ENTRIES SUPPLIED:
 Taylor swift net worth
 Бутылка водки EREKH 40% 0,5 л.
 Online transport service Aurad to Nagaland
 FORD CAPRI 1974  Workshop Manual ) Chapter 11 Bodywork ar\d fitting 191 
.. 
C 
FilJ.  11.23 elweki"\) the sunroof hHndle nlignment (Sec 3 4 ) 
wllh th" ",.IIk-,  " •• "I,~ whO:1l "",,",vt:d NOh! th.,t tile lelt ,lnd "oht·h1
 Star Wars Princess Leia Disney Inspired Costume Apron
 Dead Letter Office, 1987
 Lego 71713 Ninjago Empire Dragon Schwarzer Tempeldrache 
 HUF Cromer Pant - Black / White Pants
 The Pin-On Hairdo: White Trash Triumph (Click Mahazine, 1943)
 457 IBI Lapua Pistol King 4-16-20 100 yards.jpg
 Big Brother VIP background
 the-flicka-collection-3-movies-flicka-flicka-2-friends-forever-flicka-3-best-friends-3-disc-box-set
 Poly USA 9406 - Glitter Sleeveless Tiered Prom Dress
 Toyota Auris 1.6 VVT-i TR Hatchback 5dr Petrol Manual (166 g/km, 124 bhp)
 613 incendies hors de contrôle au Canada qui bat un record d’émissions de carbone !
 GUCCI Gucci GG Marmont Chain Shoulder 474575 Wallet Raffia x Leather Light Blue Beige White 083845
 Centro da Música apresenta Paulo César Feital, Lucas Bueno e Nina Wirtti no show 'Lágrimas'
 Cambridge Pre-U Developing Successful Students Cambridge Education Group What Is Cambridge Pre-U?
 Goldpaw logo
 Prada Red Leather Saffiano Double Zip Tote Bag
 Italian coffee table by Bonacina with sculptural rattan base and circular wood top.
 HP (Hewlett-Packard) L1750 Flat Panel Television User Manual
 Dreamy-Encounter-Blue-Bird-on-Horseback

INSTRUCTIONS FOR THE TASK:
Take the stretch of lines above from the one containing "613 incendies hors" through the one containing "GUCCI Gucci GG" and repeat it exactly, adding no other line.

ANSWER FOR THE TASK:
 613 incendies hors de contrôle au Canada qui bat un record d’émissions de carbone !
 GUCCI Gucci GG Marmont Chain Shoulder 474575 Wallet Raffia x Leather Light Blue Beige White 083845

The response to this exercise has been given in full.